I was looking into the new, probably AI, data center being built in town and noticed it’s built by a private equity backed firm. The data center was rejected by the city and has to operate with a standard cooperate building water supply. They said are switching to air cooling only and reducing the compute power to keep power usage the same. This has caused amazon, the alleged operator, to back out. So they are building a giant reduced capacity data center with no operator and apparently still think that’s a good idea. My understanding of the private equity bubble is that the firms can hide “under performing” assets because it’s all private. From what I read, possibly 3.2 Trillion dollars of it. I feel like this new data center is going on the “under performing” pile.


Absolutely, yes. I didn’t want to elongate my comment further, but one odd benefit of the Dot Com bubble collapsing was all of the dark fibre optic cable laid in the ground. Those would later be lit up, to provide additional bandwidth or private circuits, and some even became fibre to the home, since some municipalities ended up owning the fibre network.
In a strange twist, the company that produced a lot of this fibre optic cable and went bankrupt during the bubble pop – Corning Glass – would later become instrumental in another boom, because their glass expertise meant they knew how to produce durable smartphone screens. They are the maker of Gorilla Glass.
Rack space is literally the only thing valuable that would be left. Those GPUs are useless for non LLM computation. The optimization of the chips and the massive amounts of soldered RAM. They are purpose made, and they were also manufactured very cheap without common longevity and endurance design features. They will degrade and start failing after less than 5 years or so. Most would be inoperable in a decade. Those data centers are massive piles of e-waste, an absolute misuse of sand.

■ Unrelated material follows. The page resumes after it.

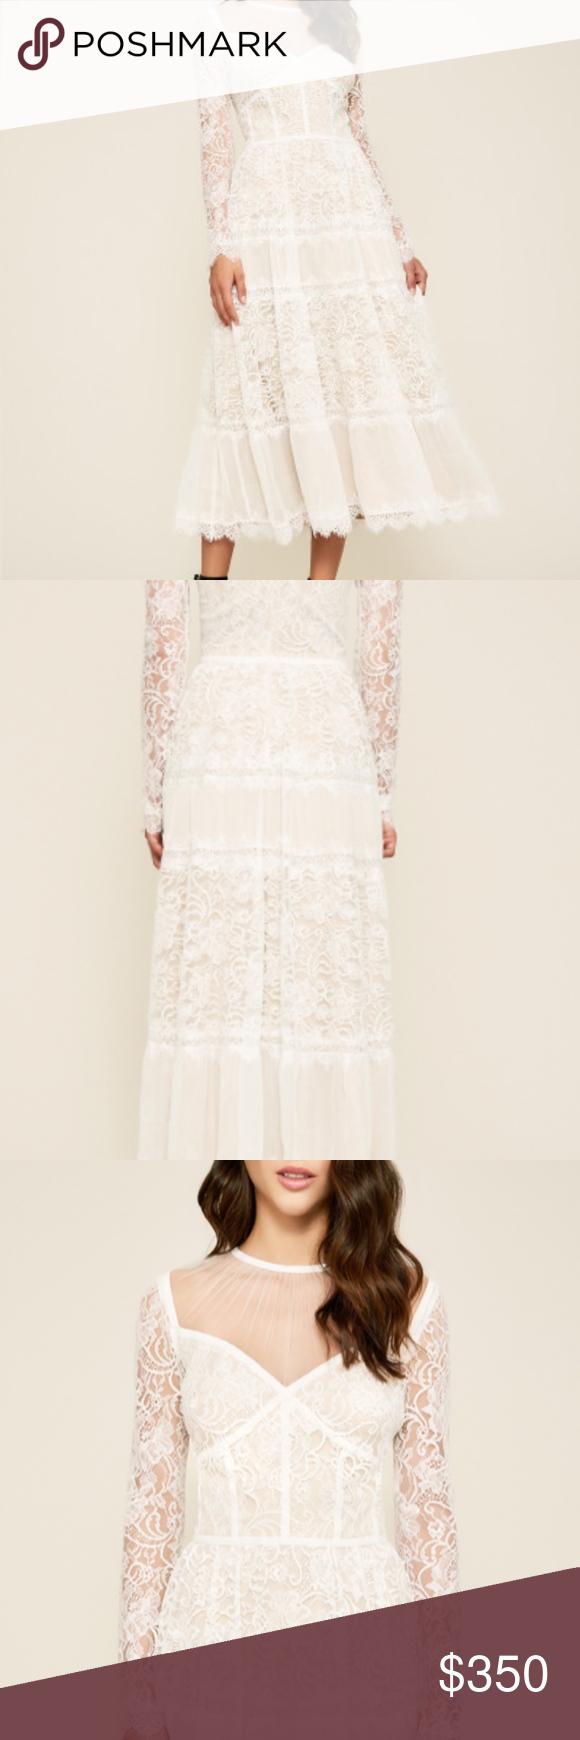 Tadashi Shoji Tatiana Long Sleeve White Lace Dress White Lace Long Sleeve Dress Lace White Dress Lace Dress [ 1740 x 580 Pixel ]

Racks/cabinets, fiber optic cables, PDUs, CAT6 (OOBM network), top-of-rack switches, aggregation switches, core switches, core routers, external multi-homed ISP/transit connectivity, megawatt three-phase power feeds from the electric utility, internal power distribution and step-down transformers, physical security and alarm systems, badge access, high-strength raised floor, plenum spaces for hot/cold aisles, massive chiller units.
Yes, that’s rack space. It is not even half of the costs of a data center. I know because I’ve worked in data centers and read the financial breakdowns of those materials. They are also useless without actual servers and deprecrate their value really fast.